## AVAILABLE DATA
· · · ·

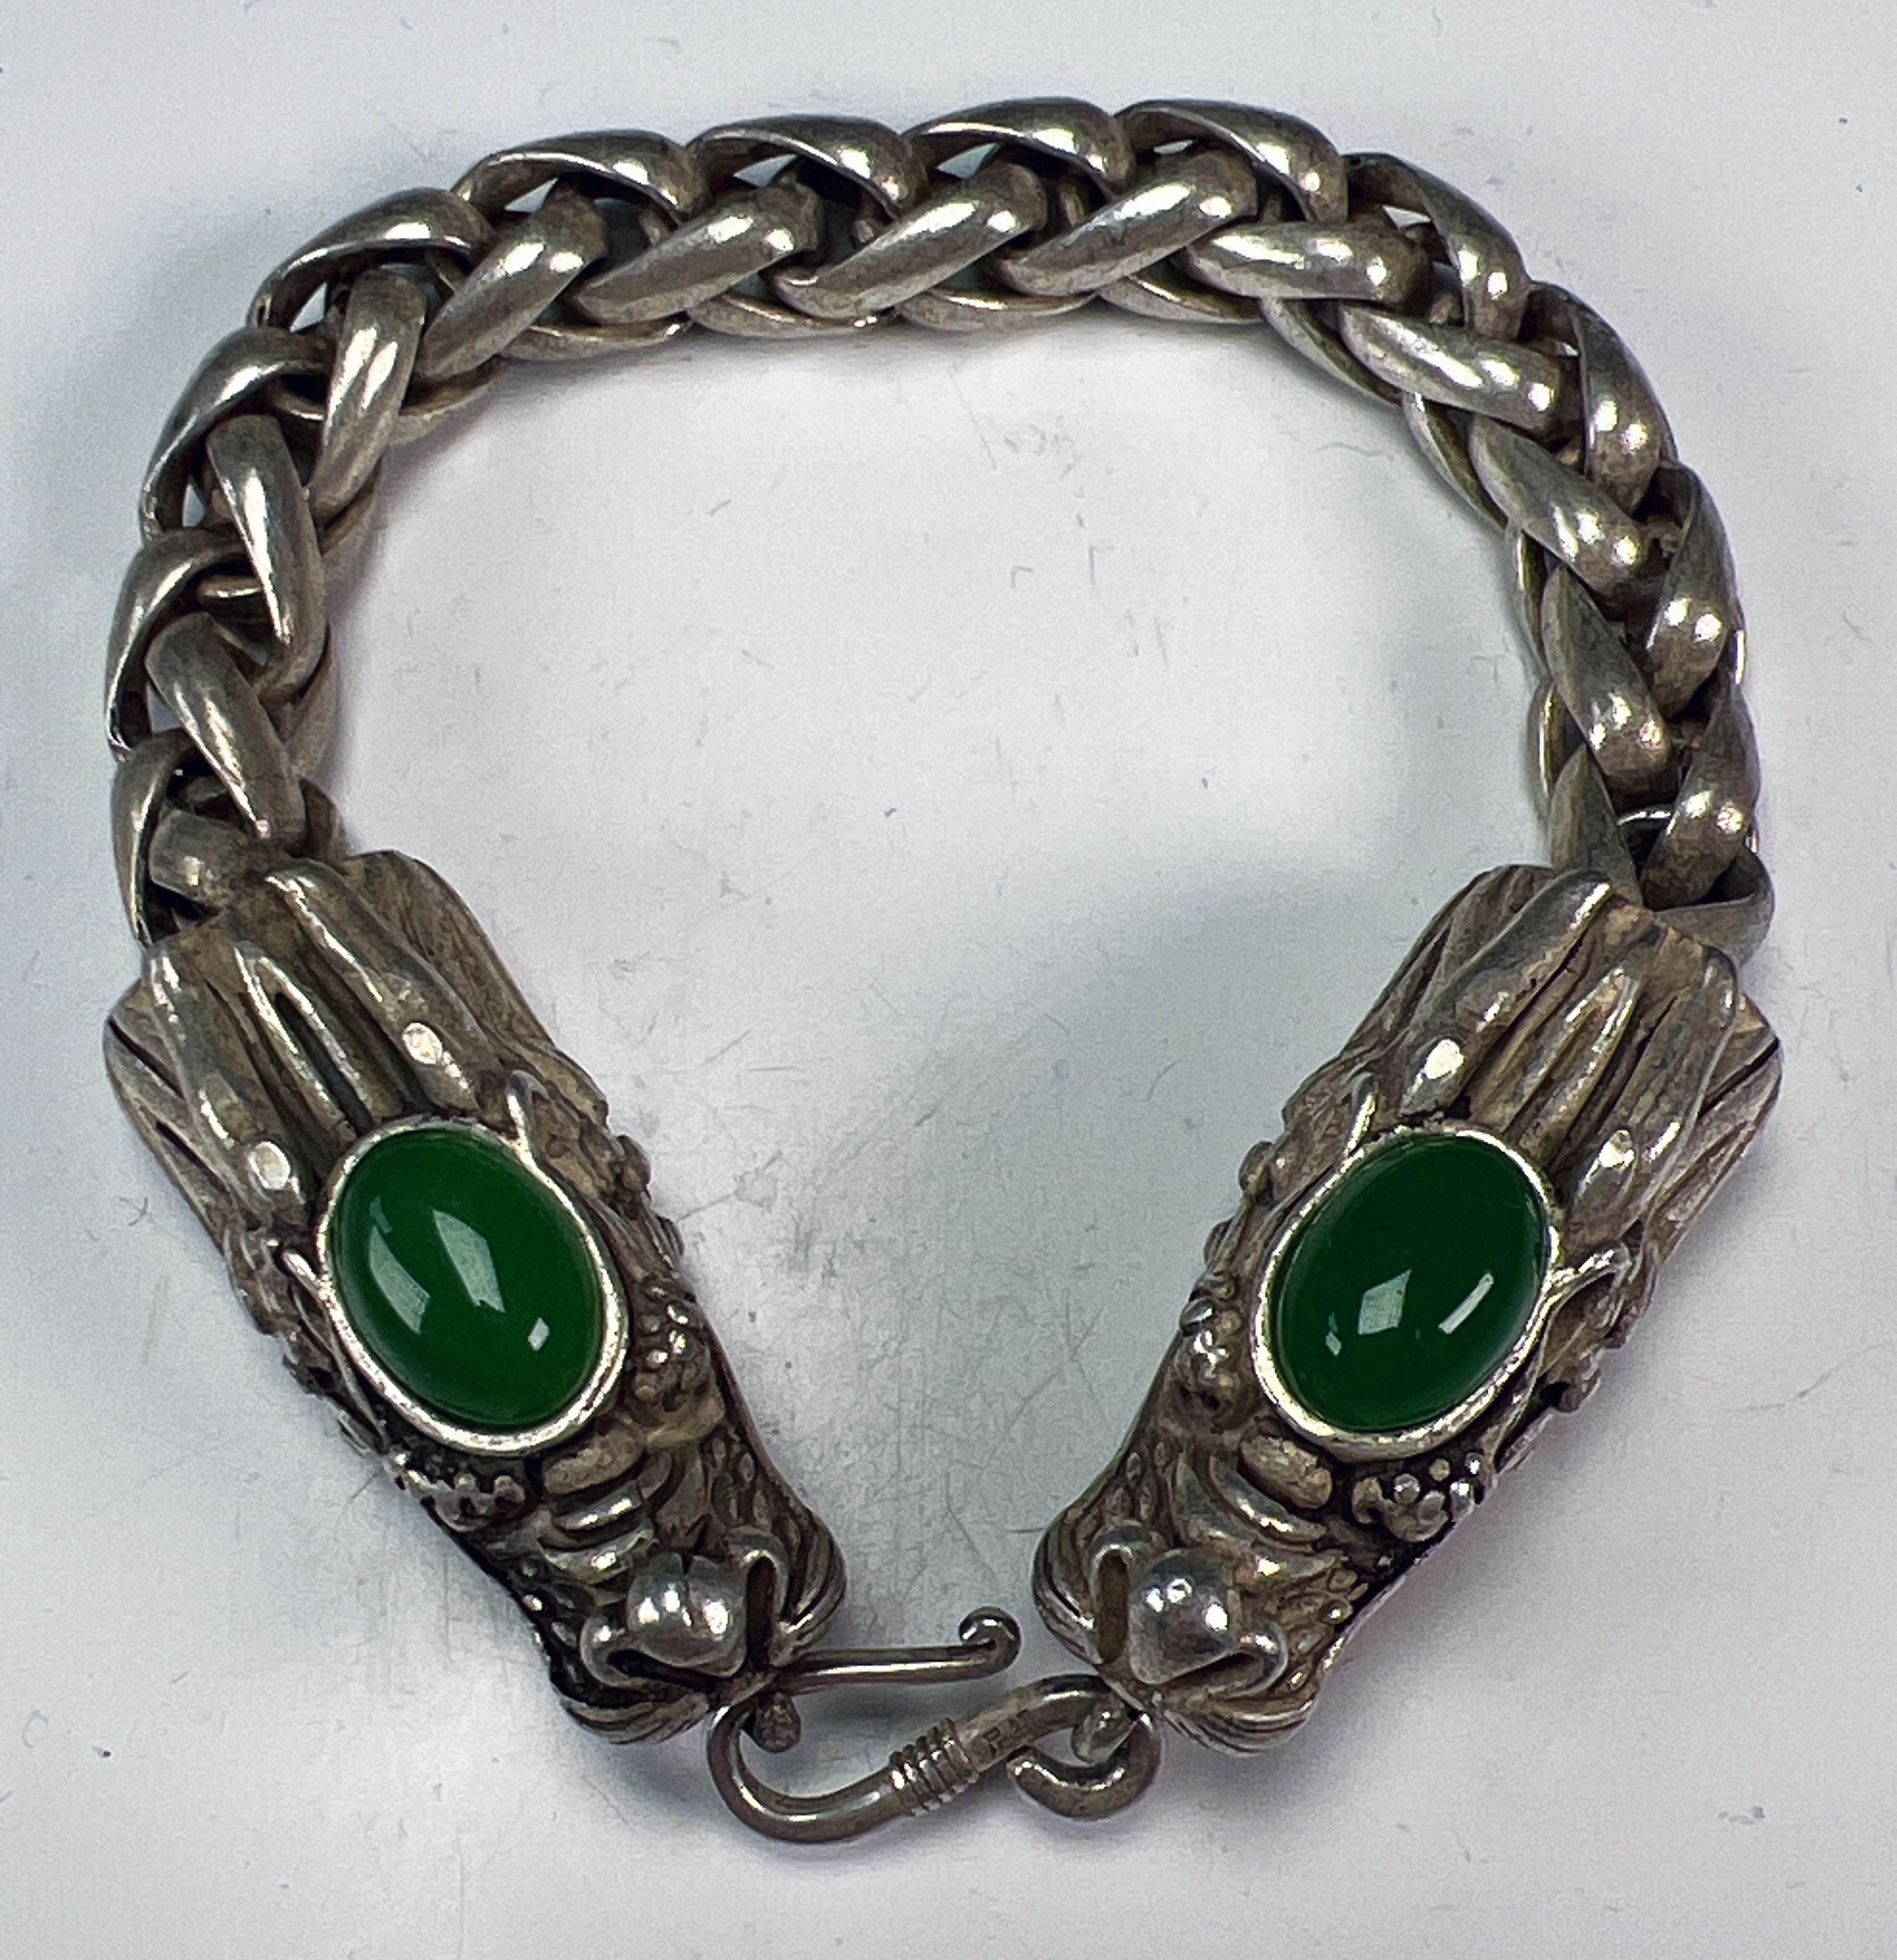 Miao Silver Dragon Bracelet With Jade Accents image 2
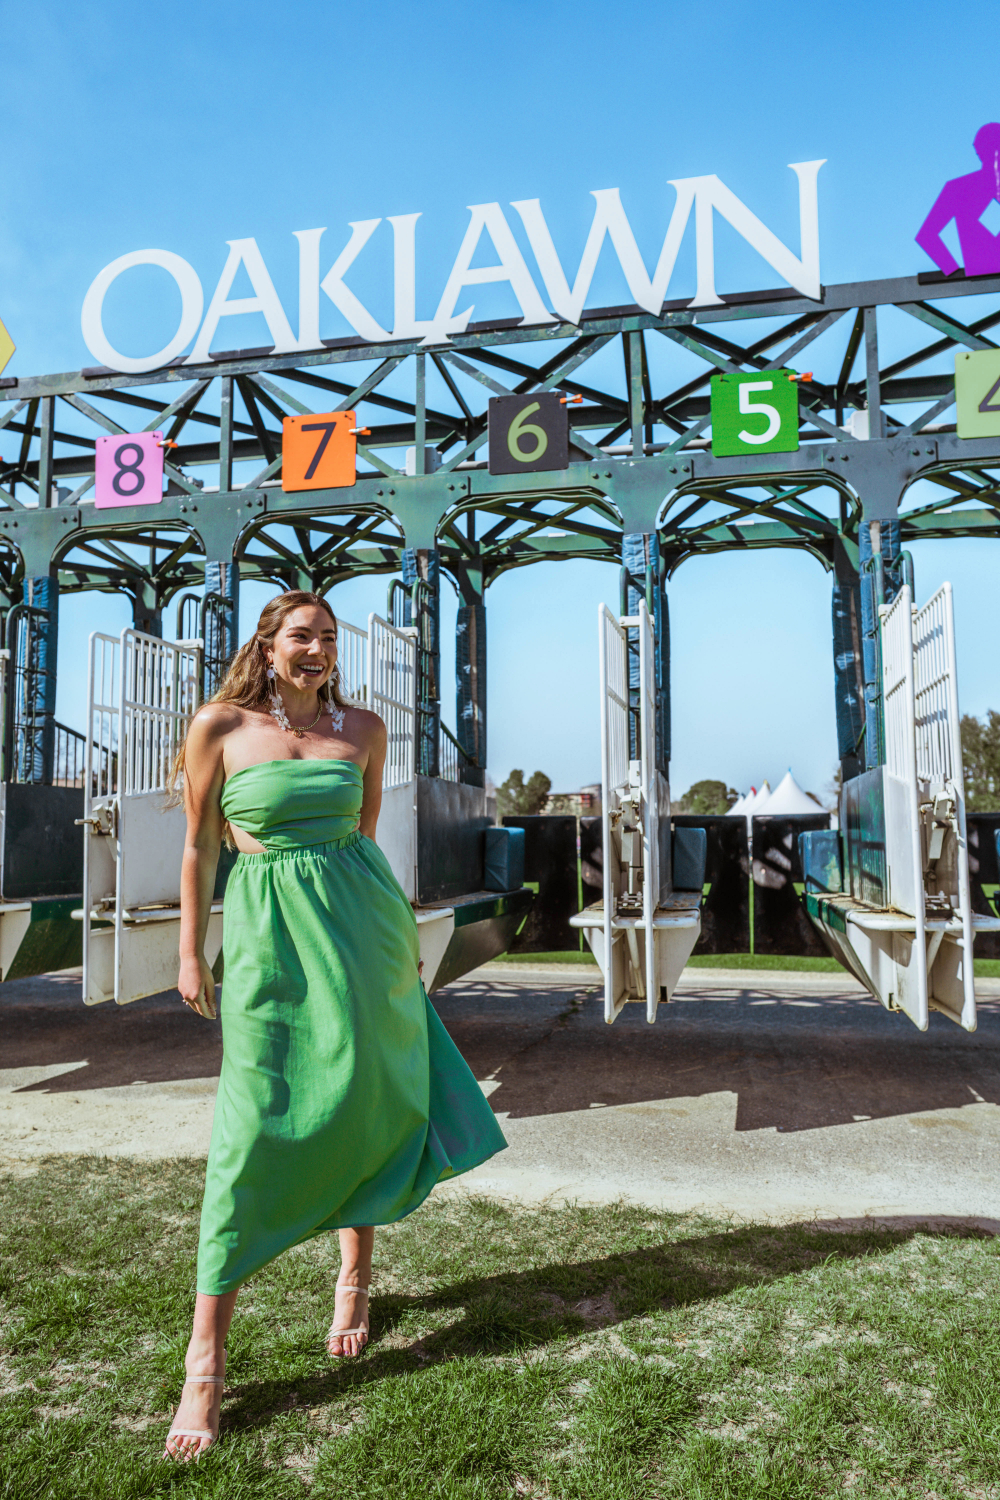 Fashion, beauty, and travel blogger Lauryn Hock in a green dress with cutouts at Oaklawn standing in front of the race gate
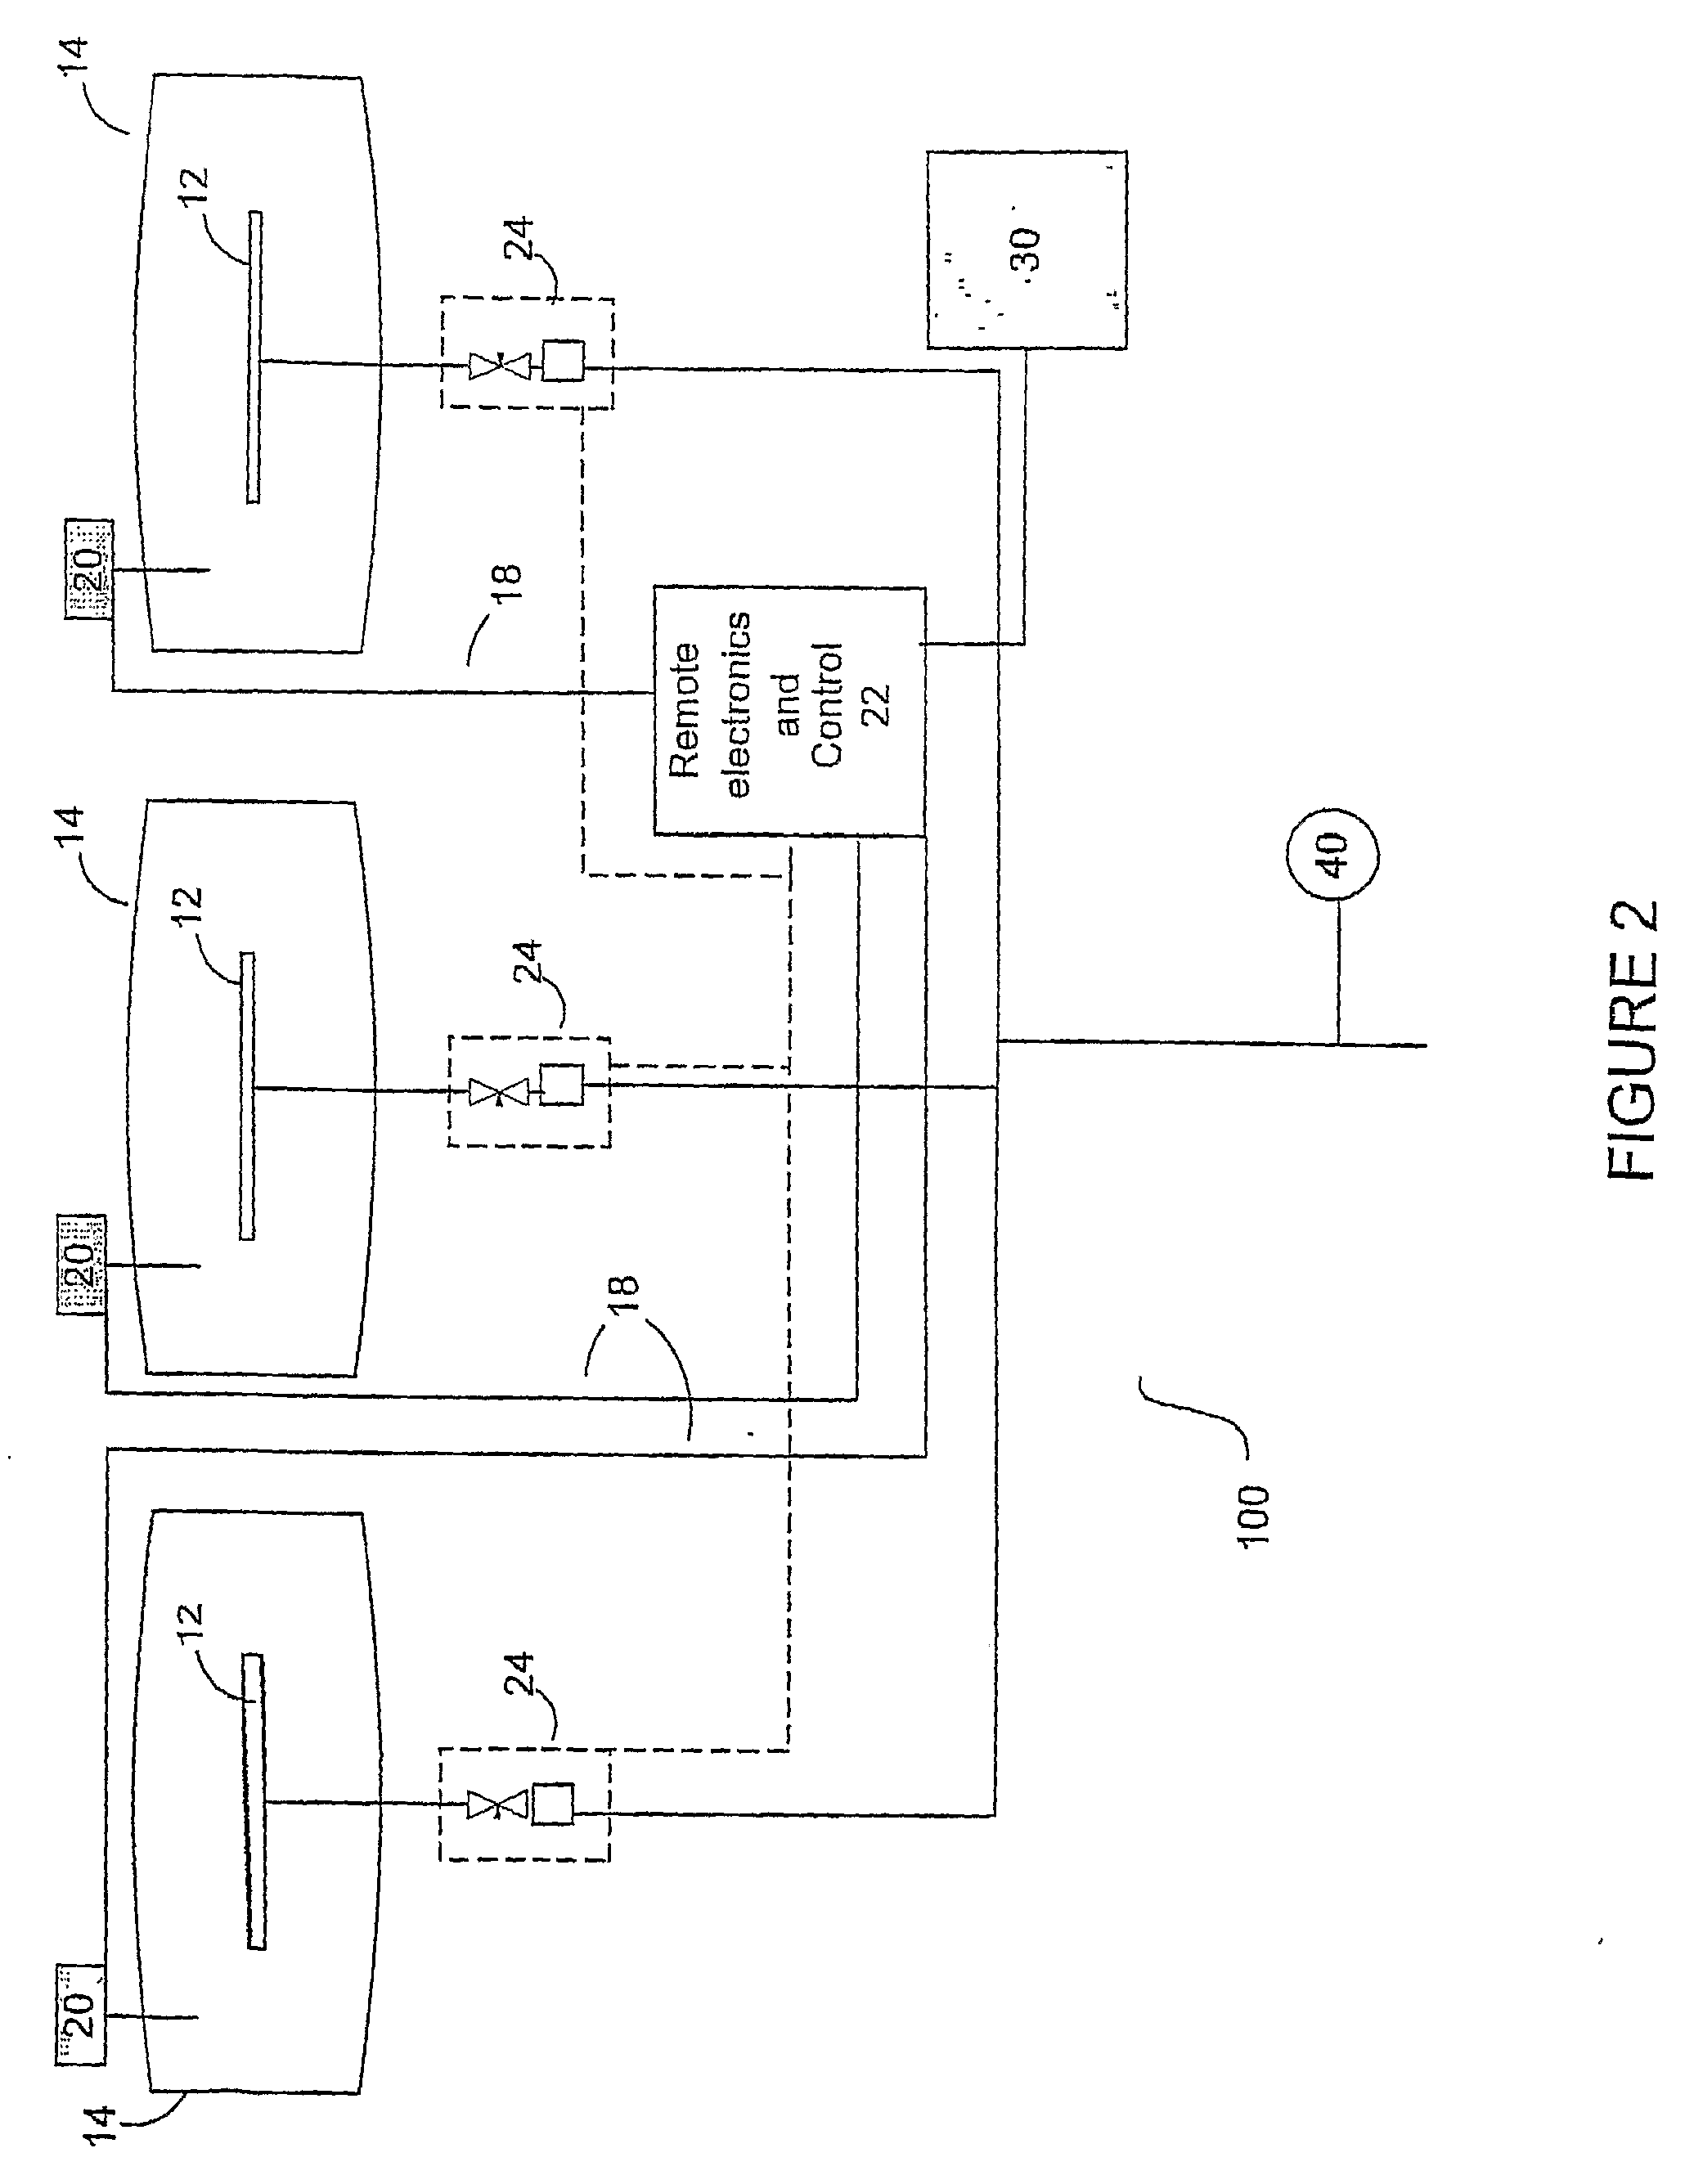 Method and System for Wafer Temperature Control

· · · ·

## GOAL OF THE EXERCISE
A faithful copy of the data is required: each word kept, each picture omitted.

## ANSWER TO THE EXERCISE
 Miao Silver Dragon Bracelet With Jade Accents image 2
 Fashion, beauty, and travel blogger Lauryn Hock in a green dress with cutouts at Oaklawn standing in front of the race gate
 Method and System for Wafer Temperature Control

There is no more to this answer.